Code Soloist #12: These are the things you think you know until you do them
You think you can build an ambitious startup* by yourself. The truth is, you can build any number of them that you feel are 80% complete. Turns out, 80% of the business is in the other 20% you can’t do well, or fast, or cheaply. Pareto’s a bitch. You’re better off in terms of expectations if you flip Pareto’s principle around: when you’re 80% done, you’re 20% of the way there.
You think you have both the time, and money, to ship a finished product before that deadline you’re thinking of. This is because the conventional wisdom says that the cost of building a startup in the current technology climate borders on free, with time being the only capital needed. This is relativity, and it doesn’t apply to you, assuming you don’t have a significant source of funds. An engineer-founded startup today still requires cash, in the form of servers and graphic design. The former is cheap enough if you’ve got a full time gig, and the latter varies. But code soloists likely don’t consider the five to ten thousand dollar investment in decent design as ‘bordering on free’, or, they lie to themselves and say that design is a secondary concern. There’s only one of you**, and you need to pay for outside help.
You think that business book you’re reading is a great book for you, and not just for startup teams with funding and the luxury of unlimited focus. Be wary of the insights from teams. While there’s lot of positivity and energy to unearth in business book classics and new work from your favorite web-slinging duo, you’ll be better off reading these books like you would read a self-improvement manual, with an eye to the future and a casual air. Beyond the criticism that these books largely contain what you already know from experience and social osmosis, as a single developer team, the actionable parts rarely transfer well to your specific goals.
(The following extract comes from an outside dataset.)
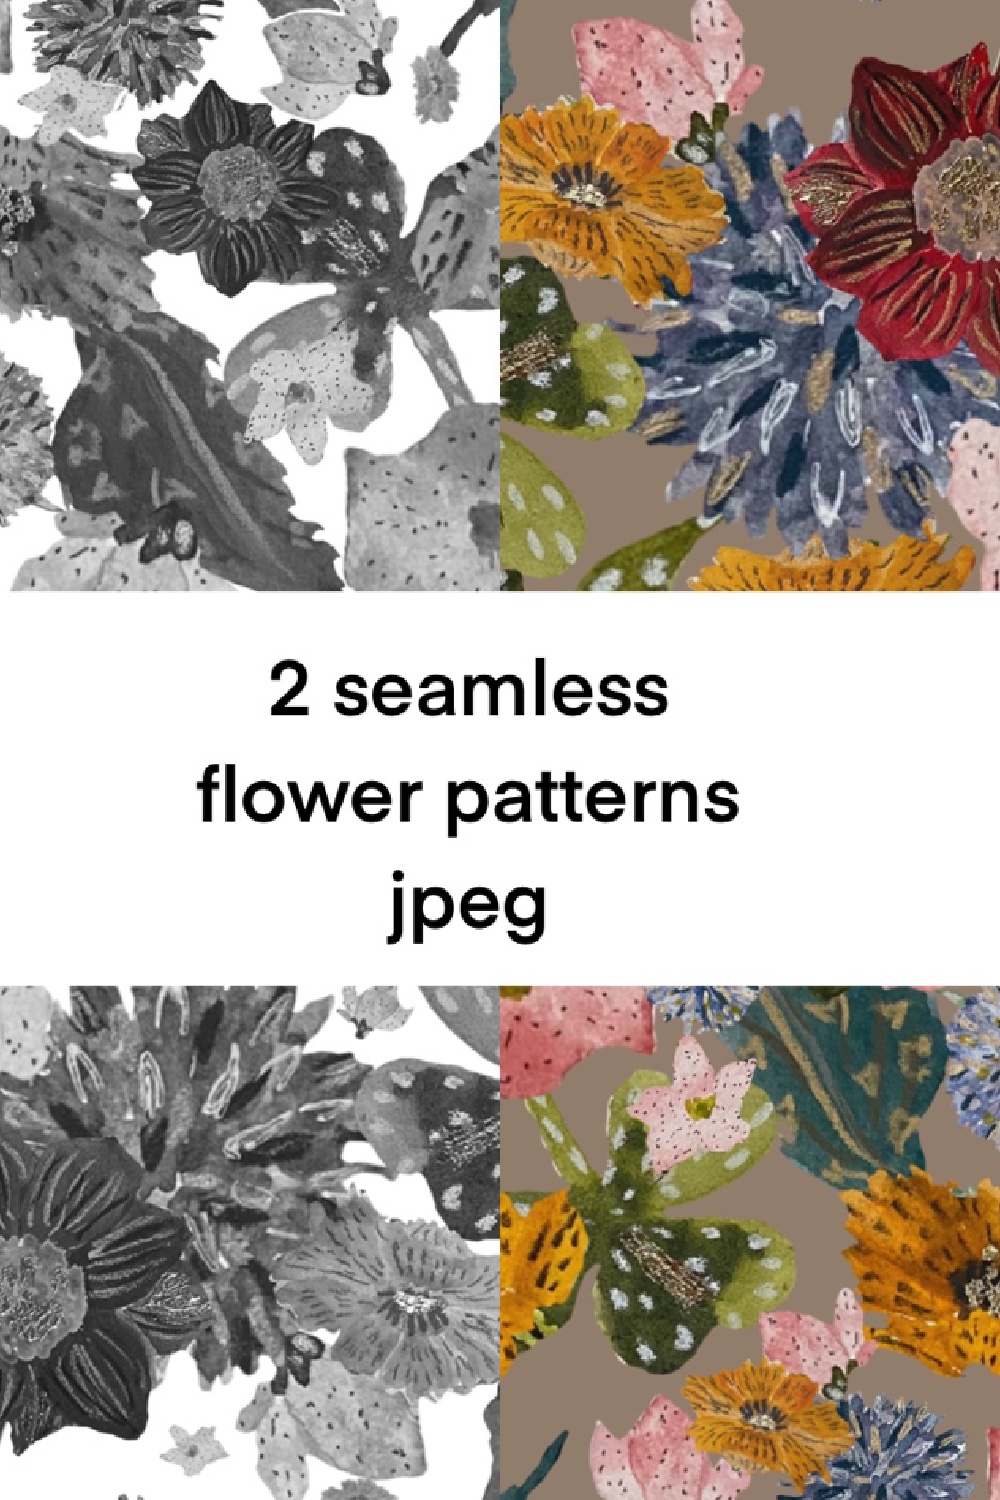 2 Seamless Flower Patterns JPEG pinterest image.

You think you should start with a minimum viable product. The truth is, you need to start, and stop, with a minimum viable business. The product should be small enough that the minimum version of it is all there is. Kent Beck said recently, “Don’t try to do big things. Do little things that can grow into big things”. Taking this mentality at face value, you unconsciously expand your idea out beyond your capacity, and the justification is, you only have to work on one small piece at a time. But that’s revolution, not evolution. The difference is, revolution is never finished, evolution can be what it is for as long as it’s convenient. If you’re racking up experience building whole products, however small they are, the opportunities for these products to evolve after the fact are endless, but if all you’ve got after months of effort are sign posts pointing to some vague concept of a larger product, you’re spinning the wheels. Don’t build small pieces of a possibly big thing, build a lot of small things that stay small. Evolve the winners.
You think there’s no money in a crowded marketplace***. You’ve got more than enough literature to prove that app stores in any flavor don’t bring big profits for nearly everyone who invests in building software for them. Turns out, the world is a lot bigger than an app store, and the same business principles apply in both places. Doing business is hard in any forum. Would you rather try to get the attention of a smaller pool of potential customers with a proven record of purchasing software on your platform, or nearly 7 billion without?
* I consider ‘startup’ here as a term for ‘new business’, but I’d argue that a new business built by one person isn’t really a ‘startup’ at all, and throwing the word around limits you to thinking about your new business as something that needs to grow fast, or be big, to live up to its name. Really, ‘startup’ should be reserved for companies with a board and funding. If you have neither, you’re probably a ‘new business’, which doesn’t limit your thinking at all, or heap false expectations on your plans.
** Contrary to physics, a founder that is simultaneously a developer and a designer, and skilled in both disciplines, is really two people. You can distinguish them from others by the large, conical horn growing from their foreheads.
*** Hat tip to Adam McNamara of Select Start Studios for the conversation that led to this idea.
Code Soloist is for single-person software development companies that are trying to start something big with their bare hands. In it, I try to impart whatever I’ve learned, for better or worse, doing the same thing badly.